Top of DATA EXCERPT

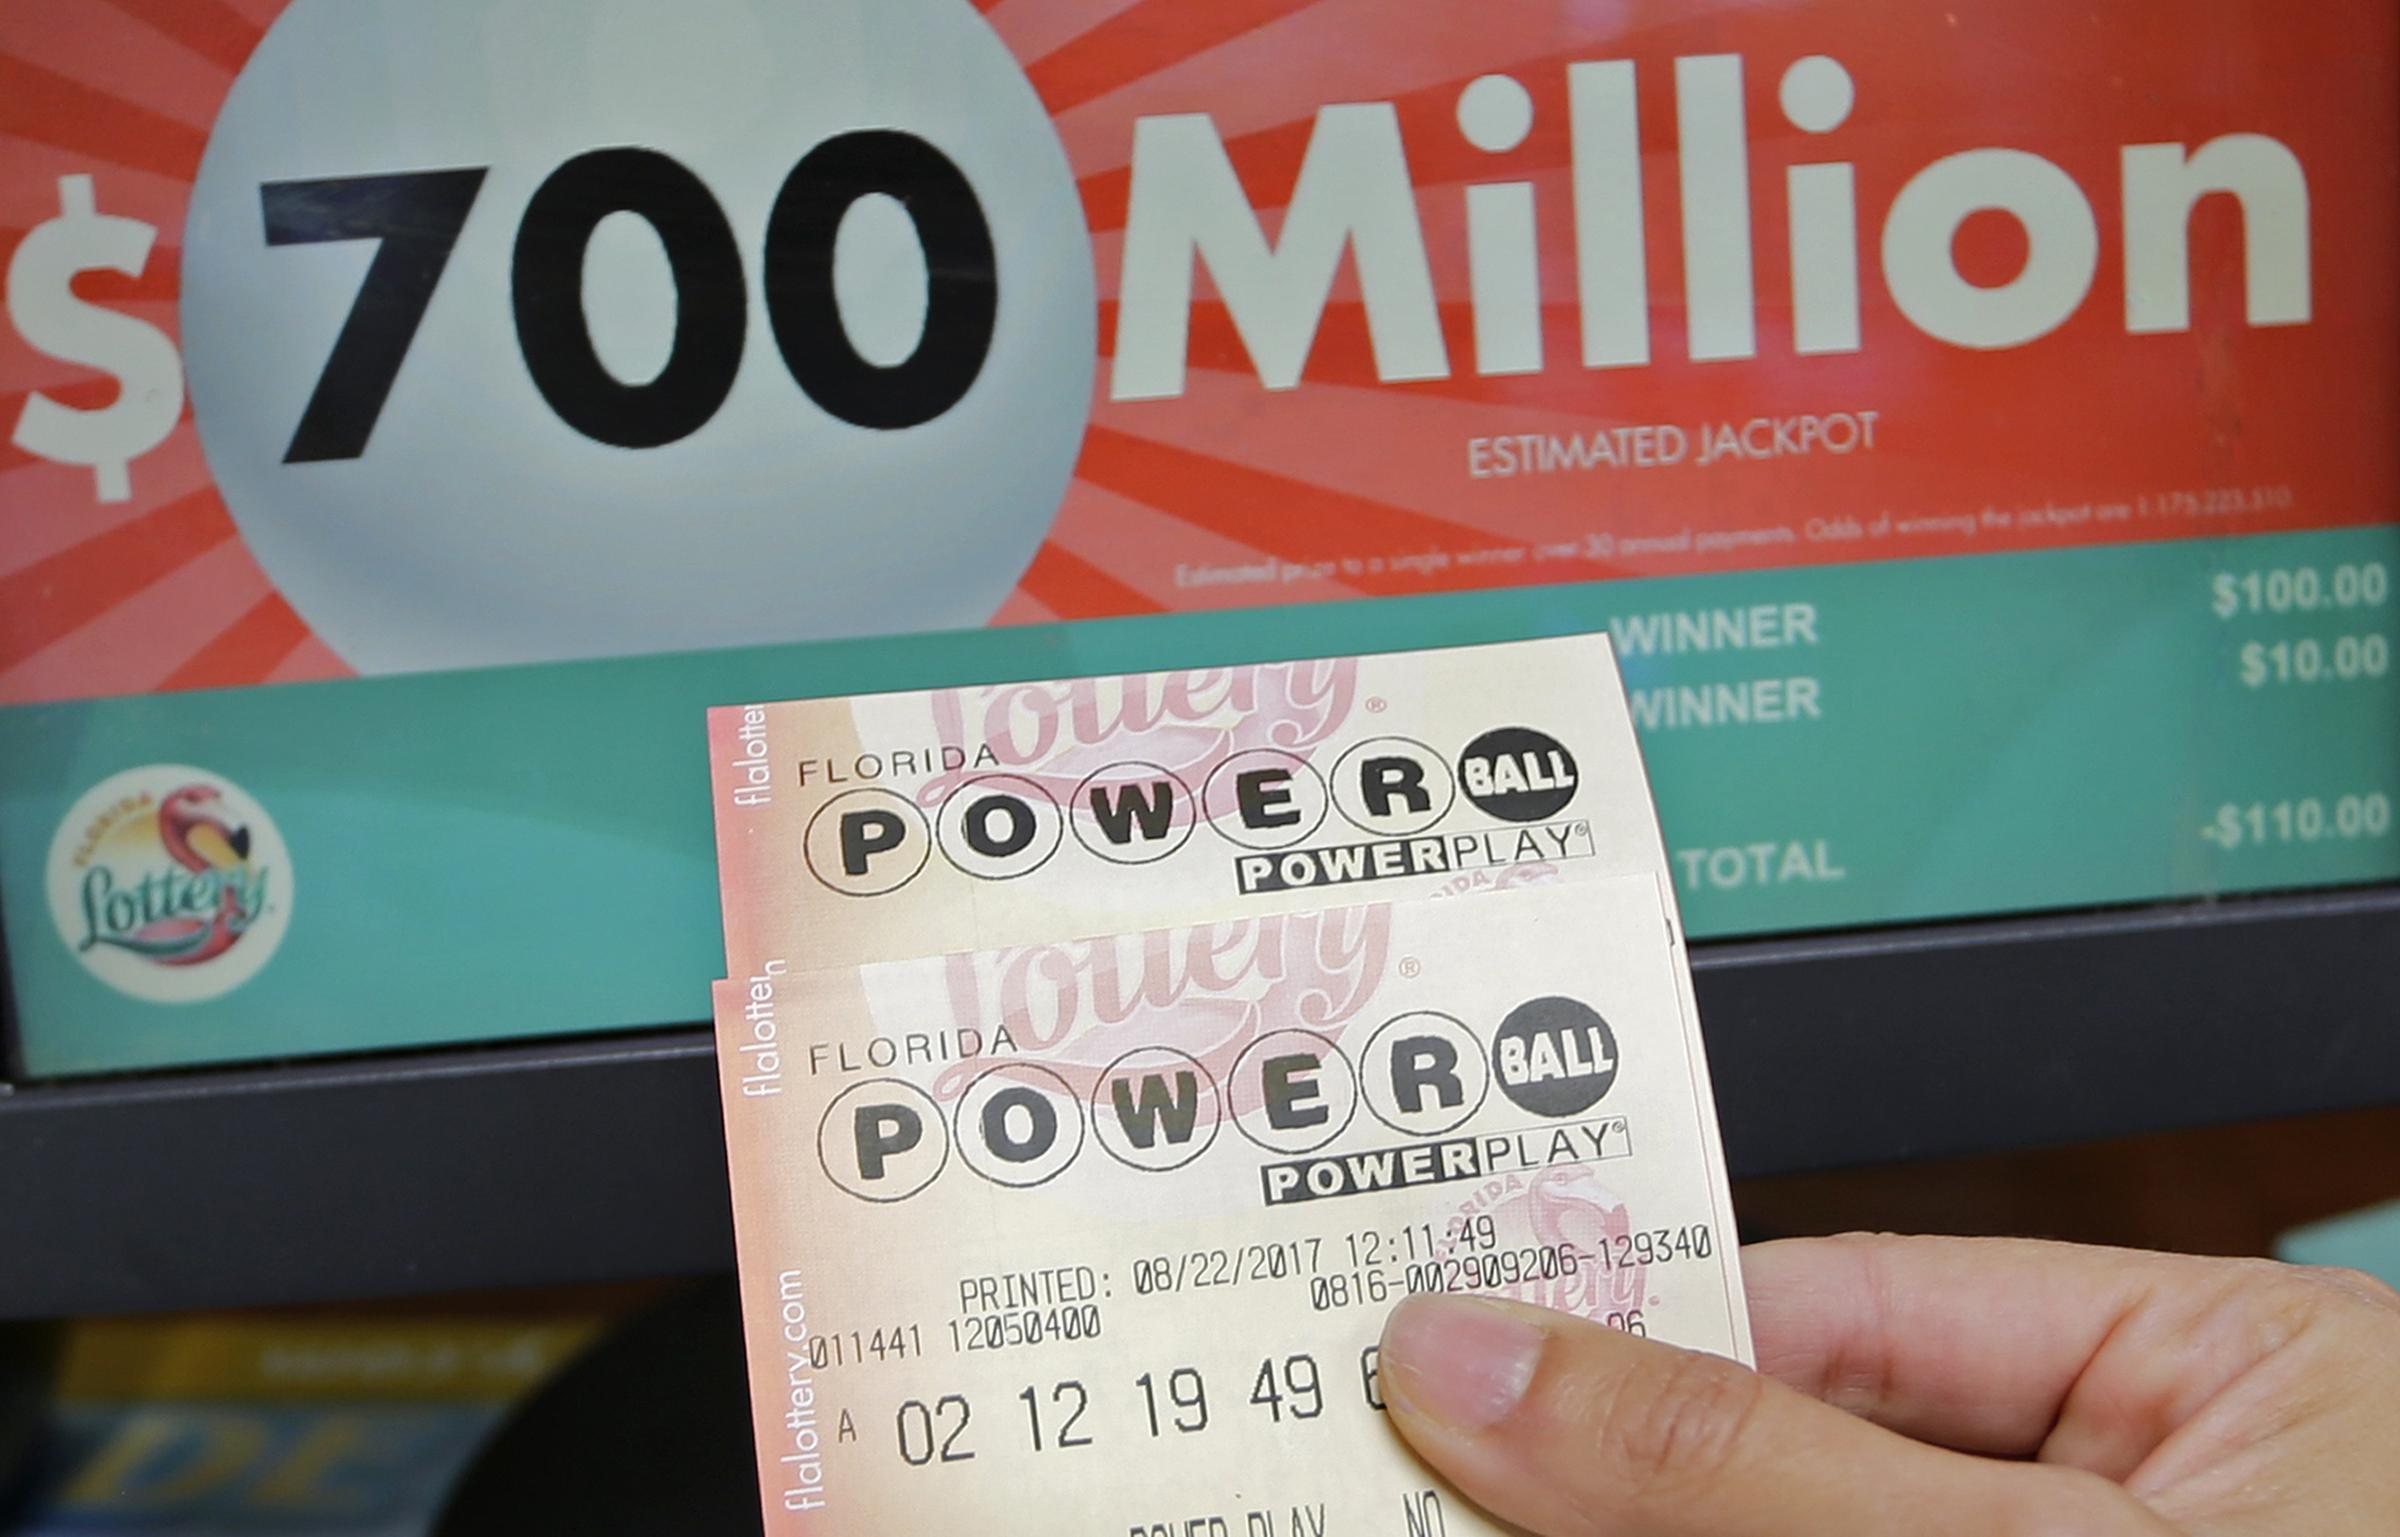 Powerball jackpot soars to $700 million
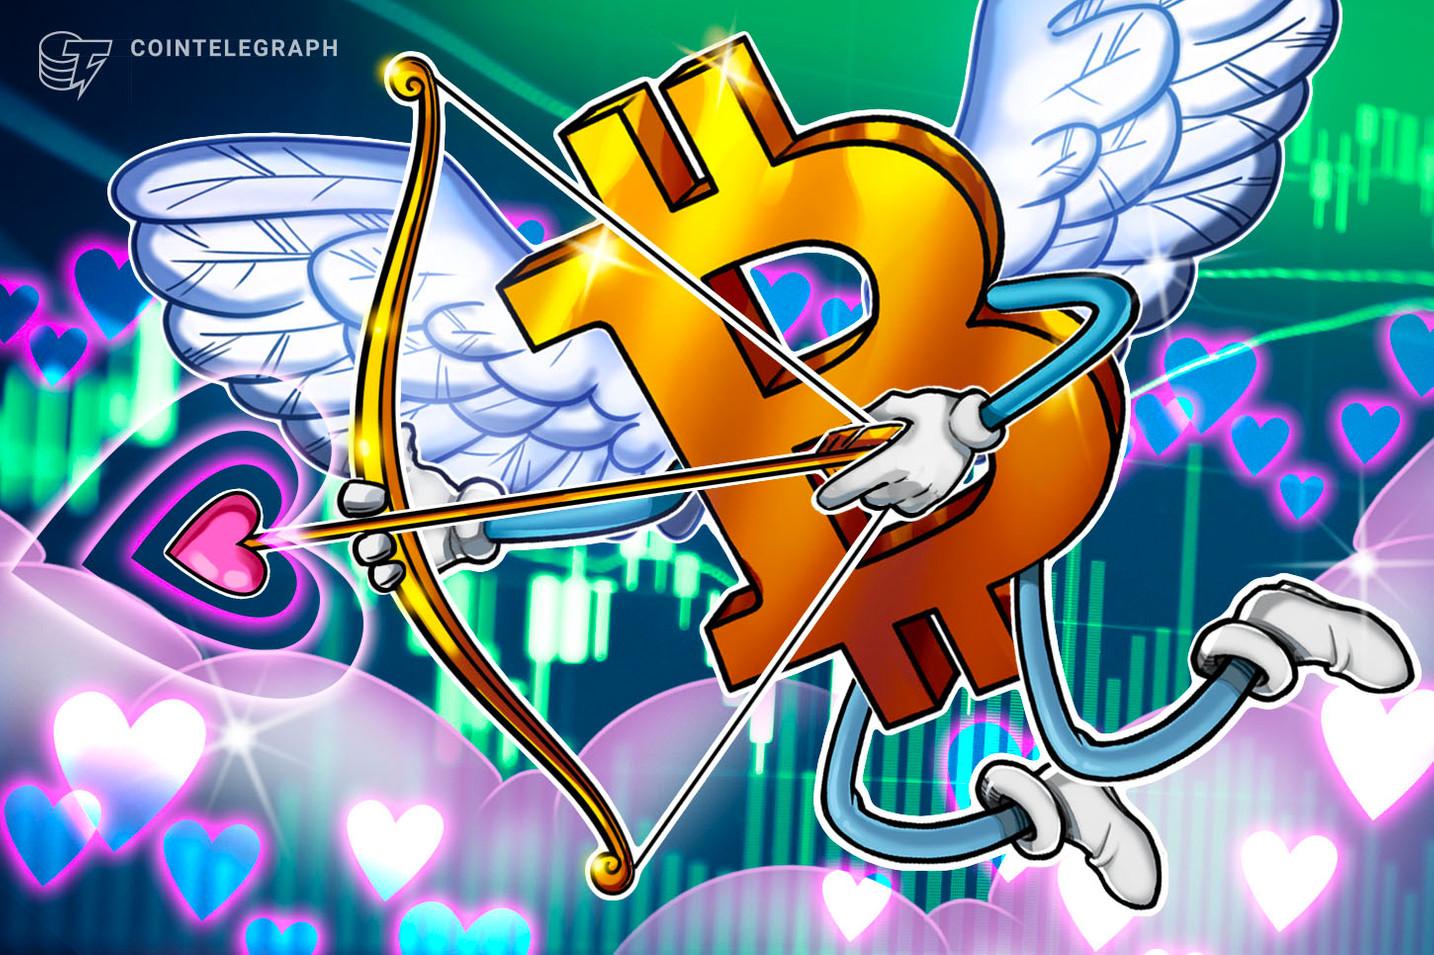 'Tidak apa-apa' untuk membeli Bitcoin sebagai pengganti emas, kata mantan Menteri Keuangan Trump Mnuchin
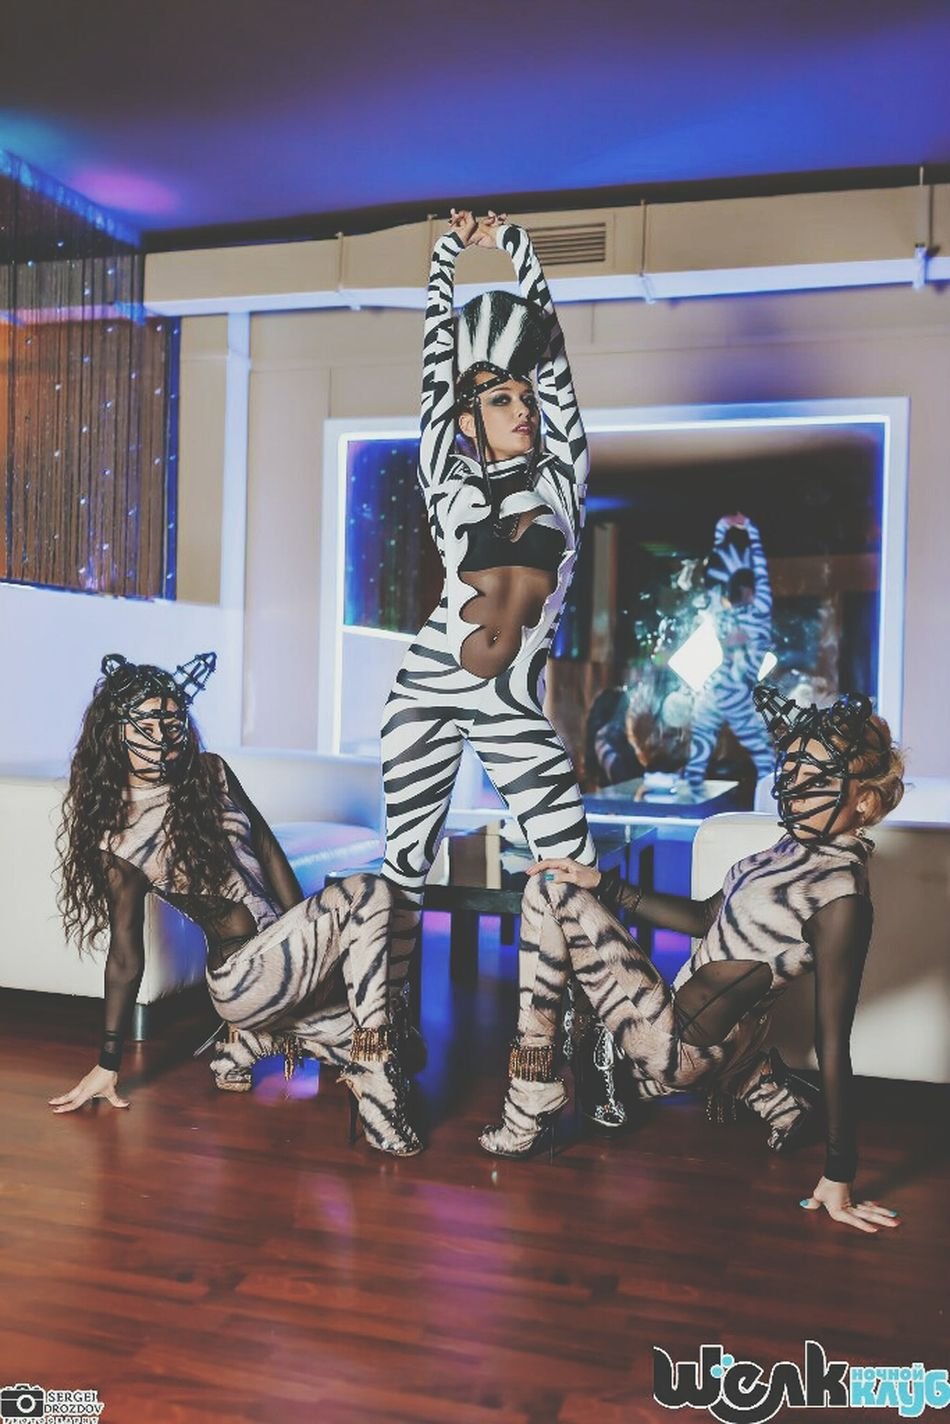 The ROX Dance Show
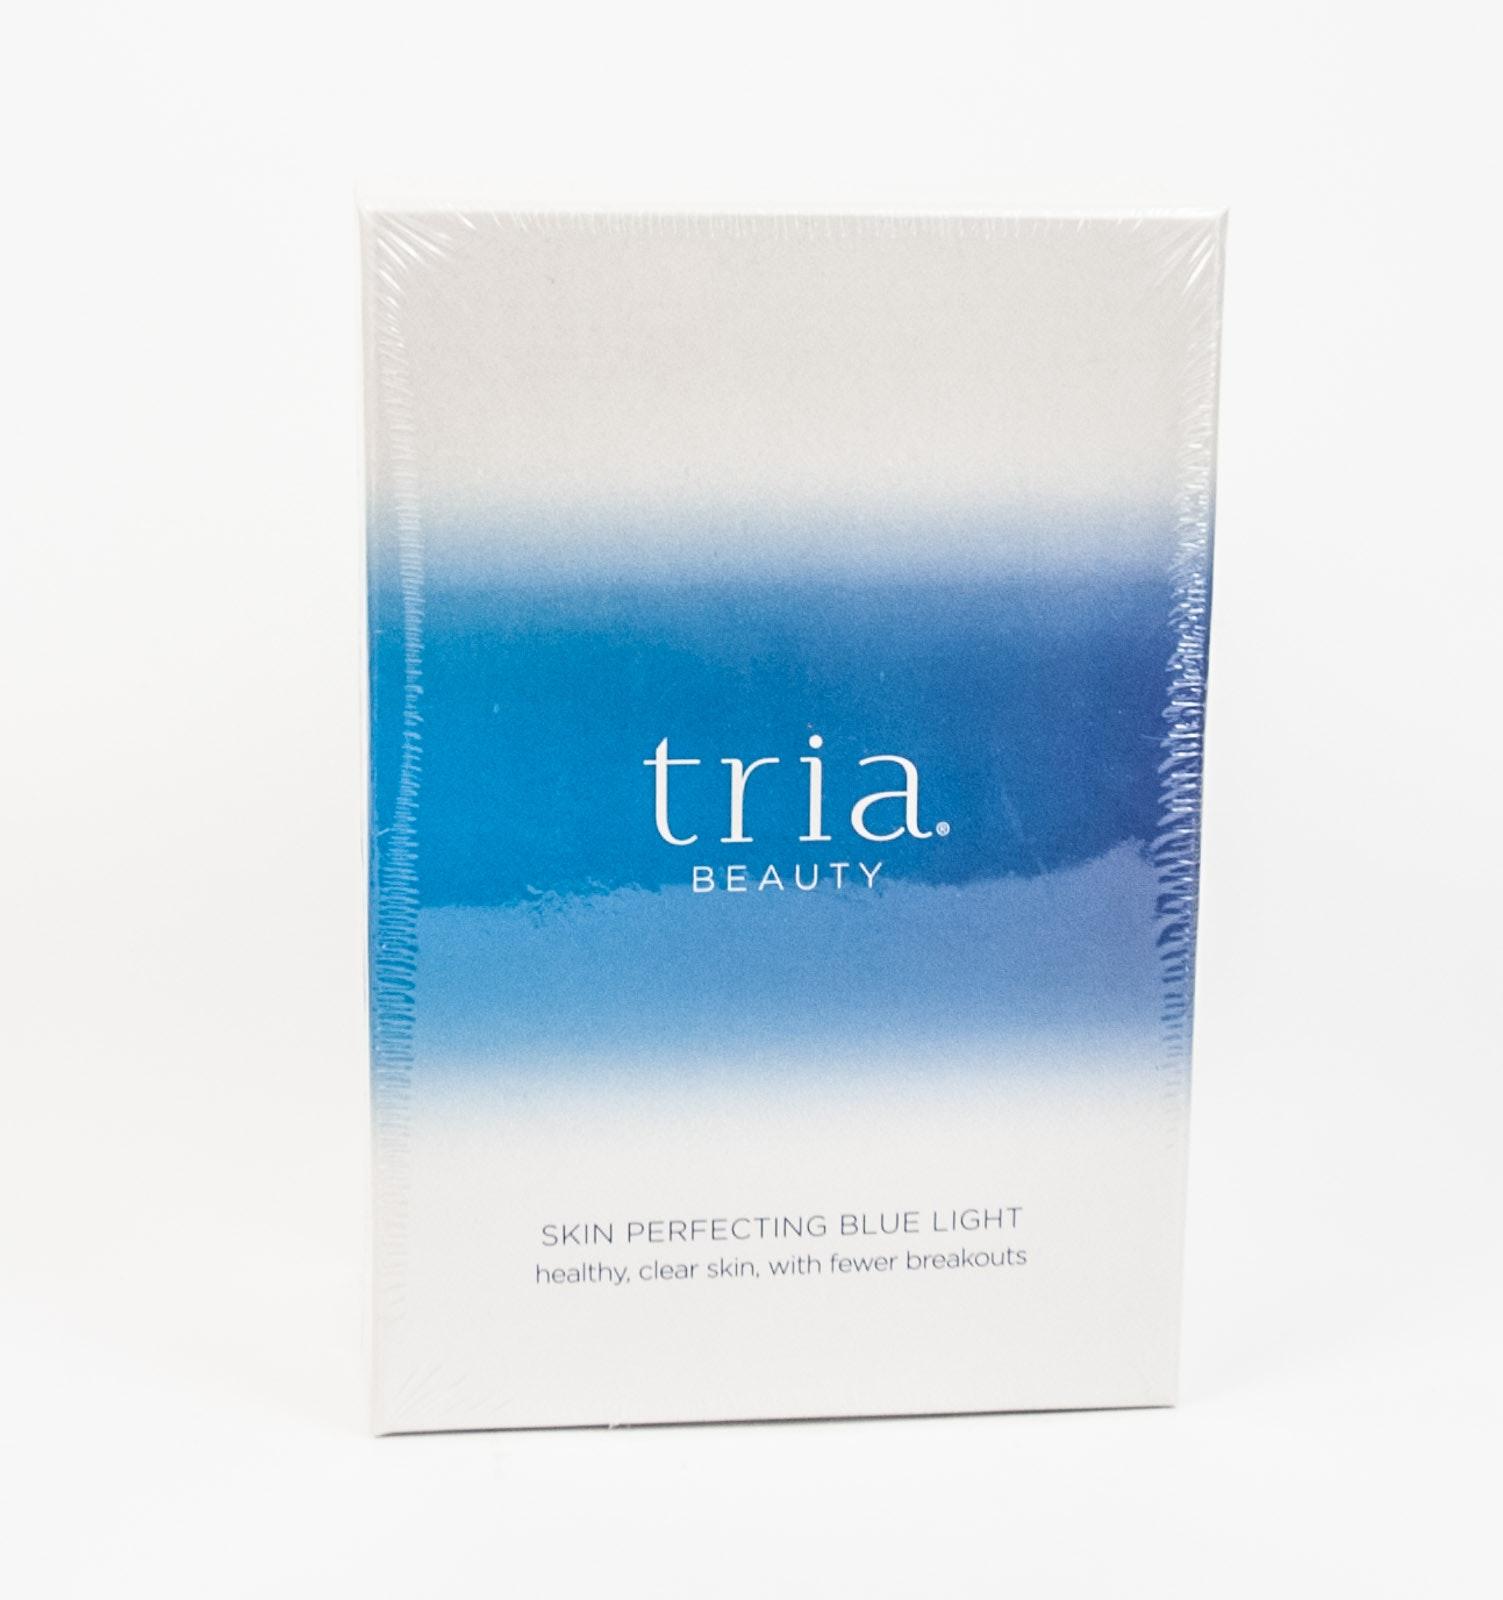 Tria Beauty Blue Light

Bottom of DATA EXCERPT

*YOUR TASK:* Print the data again word for word, pictures excluded.

*ANSWER FOR THE TASK:*
 Powerball jackpot soars to $700 million
 'Tidak apa-apa' untuk membeli Bitcoin sebagai pengganti emas, kata mantan Menteri Keuangan Trump Mnuchin
 The ROX Dance Show
 Tria Beauty Blue Light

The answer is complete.